Outside the Rock & Roll Hall of Fame, a large red sign declares in six-foot capital letters, “LONG LIVE ROCK.” The museum is dedicated to preserving rock music’s history and legacy—and in recent years, its definition of the genre has been expanding.
This week, the Rock Hall announced its 2023 inductees. The list includes stars ranging from Missy Elliott, the first woman in hip-hop to be inducted, to Willie Nelson, the 90-year-old outlaw country icon.
“What we are always trying to show is that rock ‘n’ roll is a big tent, and a lot of people belong,” says Joel Peresman, president and CEO of the Rock & Roll Hall of Fame Foundation, to Mark Kennedy of the Associated Press.
Since 1986, the Rock Hall has honored history-makers in the genre by inducting an annual class of influential musicians, engineers and producers. In addition to Elliott and Nelson, this year’s inductees include Kate Bush, Sheryl Crow, George Michael, Rage Against the Machine and The Spinners.
“Furthering a pattern that has taken shape in recent years—following steady criticism against the Rock Hall for its lack of inclusion, especially among race and gender lines—none of the musicians inducted this time fit neatly into the most narrow strictures of what constitutes rock,” writes the New York Times’ Joe Coscarelli.
In addition to the “performers” category, the Rock Hall inducted several other artists. The musical influence award went to DJ Kool Herc and guitarist Link Wray, while the musical excellence award went to singer Chaka Khan, songwriter Bernie Taupin and composer Al Kooper. “Soul Train” creator Don Cornelius received the Ahmet Ertegun Award, an honor for non-performing industry professionals who influenced the genre.

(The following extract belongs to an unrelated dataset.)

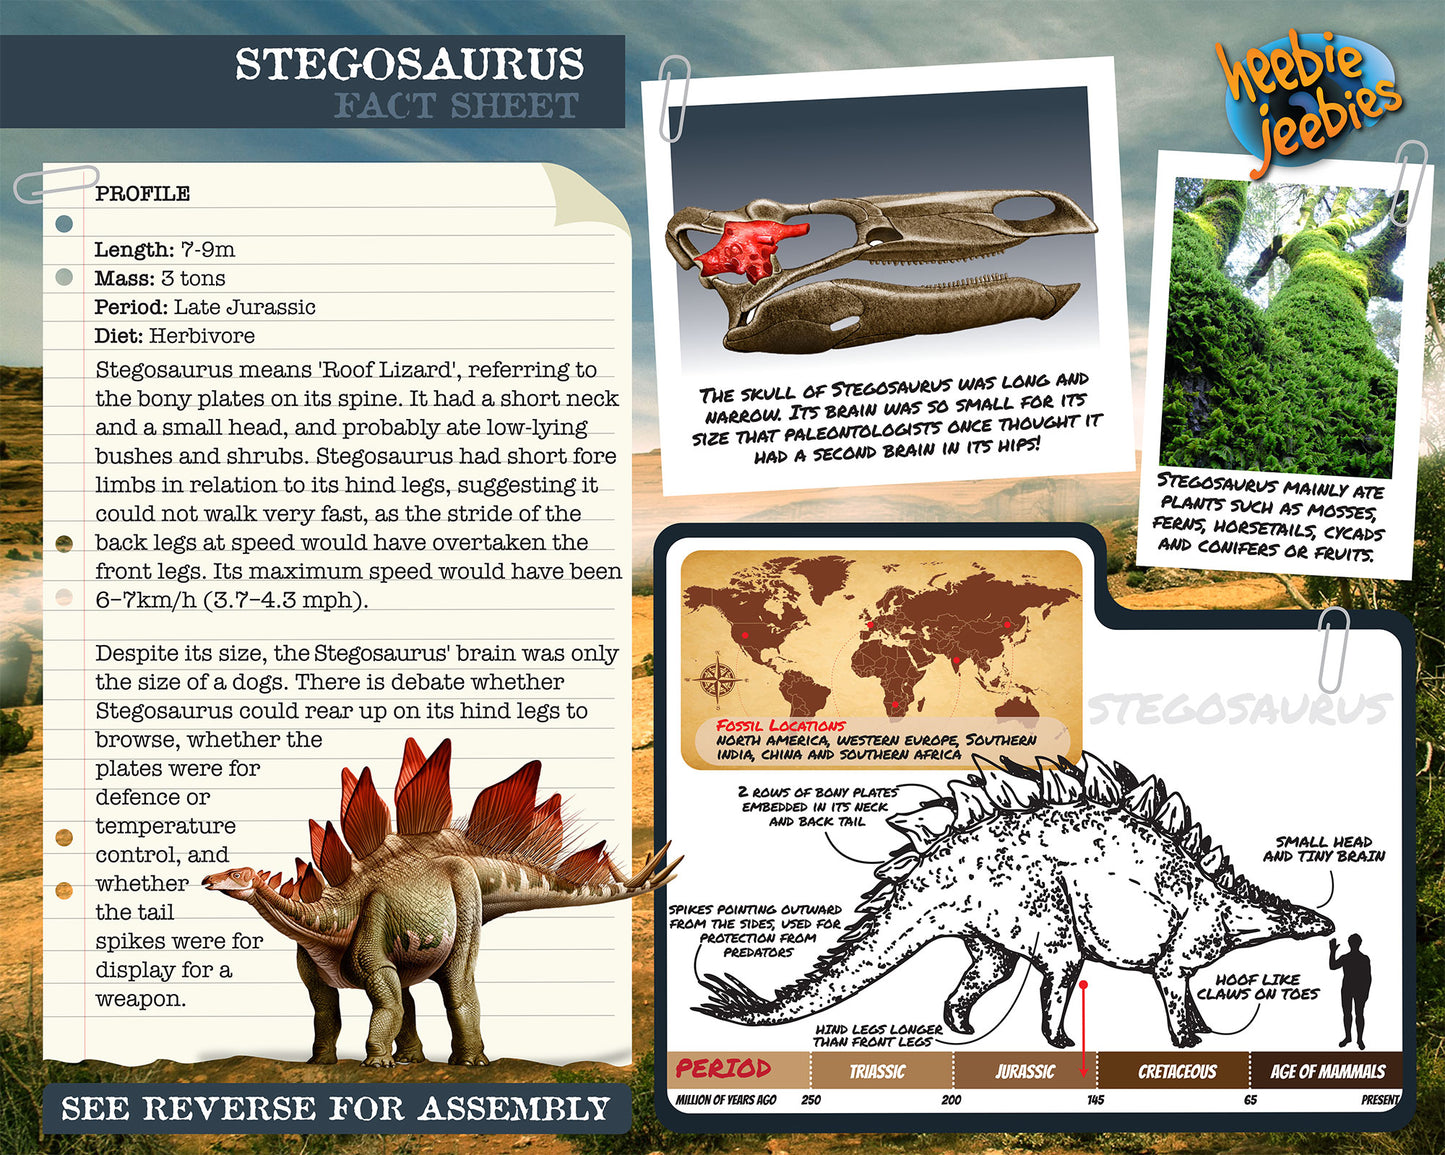 Stegosaurus 3D Wood Modeling Kit

To be considered, artists must have released their first commercial recording at least 25 years ago. For the performer awards, a Rock Hall committee creates a list of 15 nominees, which are then voted on by a network of artists, historians and music industry professionals. Fans are also able to cast votes; their top five are then listed on a “fans’ ballot” that gets tallied along with the professionals’. Artists who don’t win can be nominated again in subsequent years.
“[Bush has] been nominated many times, so the nominating committee was very happy that the general ballot voted Kate in this year,” John Sykes, chairman of the Rock & Roll Hall of Fame, tells Variety’s Chris Willman. “Sometimes it takes a major moment like Willie [Nelson]’s 90th birthday or, in the case of Kate Bush, music being played in Stranger Things to shine a light on them for a lot of younger people who didn’t know who she was in 1985; they probably weren’t even born yet.”
Bush released a statement saying she was “completely shocked at the news of being inducted,” which was “something I just never thought would happen.” Rage Against the Machine also released a statement thanking the voters for inducting “a band who is as well known for our albums as we are for our fierce opposition to the U.S. war machine, white supremacy and exploitation.”
Crow tells Vulture’s Devon Ivie that she hopes her career has “inspired young women to pick up an instrument and start writing their hearts.”